/ 2 June 2000

Showdown at Wits

David Macfarlane and Glenda Daniels

The University of the Witwatersrand faces a massive showdown today as its council for the first time considers the most substantial objections by workers, the student movement and some academics to restructuring.

At the same time, the Mail & Guardian has been told by a senior academic, Wits management is seeking to oust Vusi Nhlapo, president of the National Education Health and Allied Workers’ Union (Nehawu), from the Wits council.

Wits vice-chancellor Colin Bundy told the M&G this was the first he had heard of this.

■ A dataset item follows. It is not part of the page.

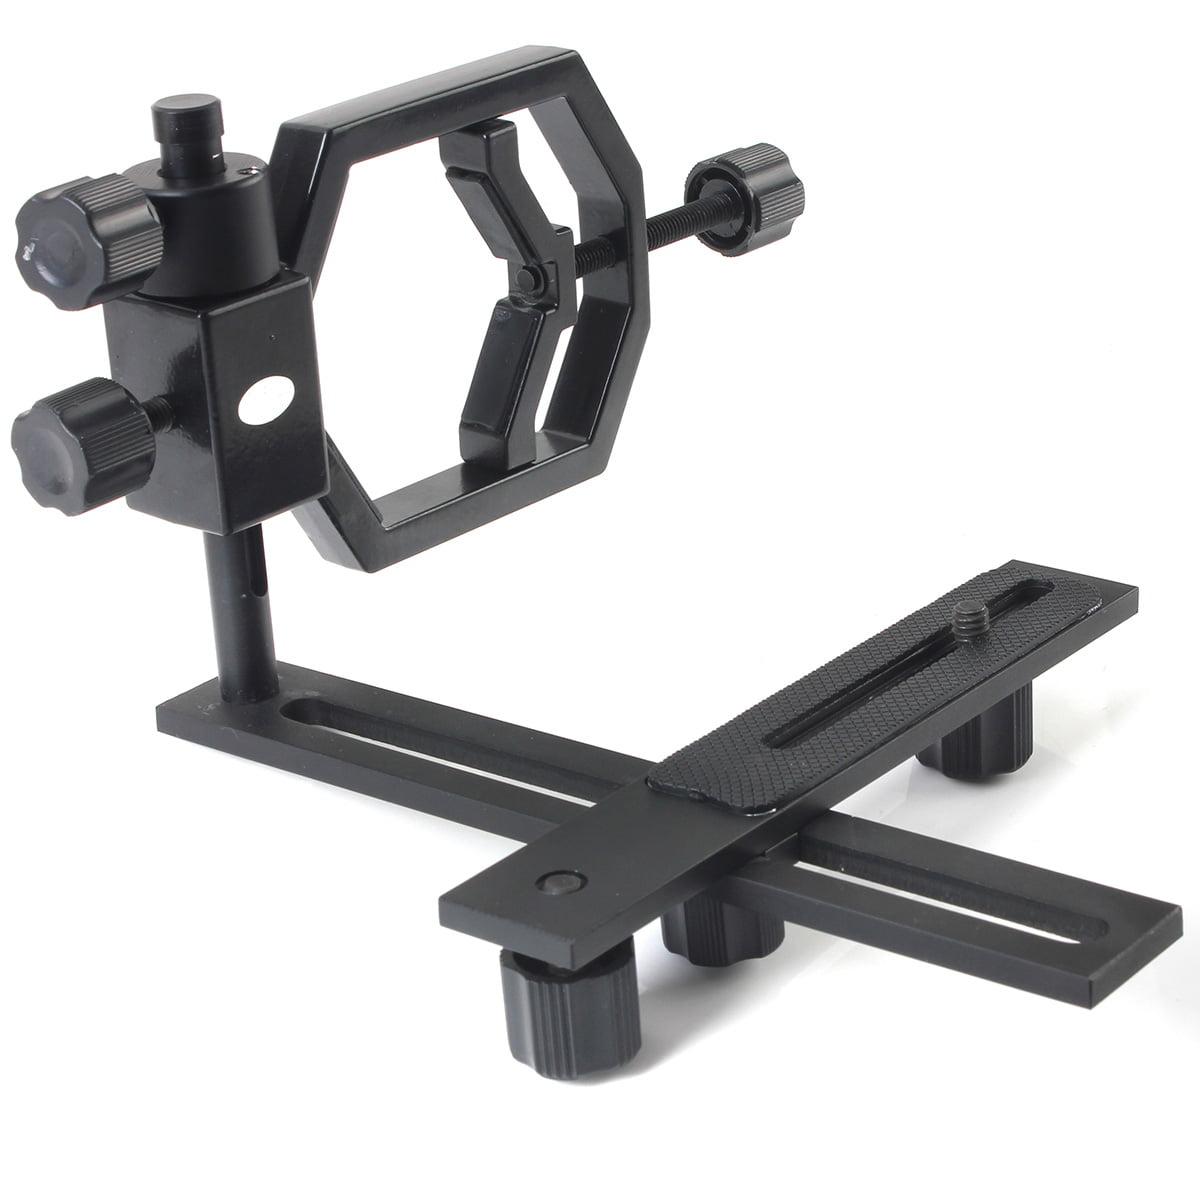 Universal Stand Metal Spotting camerasampphoto Scopes Telescope Mounts For Digital Camera,Black

After the M&G reported two weeks ago that restructuring was hitting morale among academics at Wits, responses suggested that there was in fact an upbeat sense of enthusiasm on campus. Subsequent developments suggest, how- ever, that the campus is more divided on transformation than Wits management has admitted.

Wits paid consultants more than R4- million for a restructuring plan – approved by the council in February – that would see nearly a quarter of its workers axed this year, in keeping with the council’s plan to cut costs by outsourcing “non-core” functions.

Central to the council’s meeting today will be a hard-hitting critique both of the consultants’ report and the university’s handling of transformation.

The critique, written by Wits academics Glenn Adler, Andries Bezuidenhout, Sakhela Buhlungu, Bridget Kenny, Rahmat Omar, Greg Ruiters and Lucien van der Walt, offers concrete alternatives to the current restructuring plans.

The M&G has been told that Wits senior management continues to disparage this critique, by representing it as having been commissioned by Nehawu.

“They [Wits management] are getting desperate and are calling in every possible pro-admin member of council to lobby for their vote at [today’s] special council meeting,” a senior academic said.

Nehawu’s Tebogo Phadu said the council had promised full consultation but this has not happened. Bundy rejects this, saying the review process has been “highly consultative”.

“Workers are angry – an axe is hanging over their necks,” says Phadu.

Nehawu is planning to report the council’s actions to the public protector and the Human Rights Commission. This is “entirely inappropriate”, says Bundy, who “urges Nehawu to follow the remedies available to it in the Labour Relations Act”.

In the meantime protest action will continue, in the form of go-slows and demonstrations, Phadu said.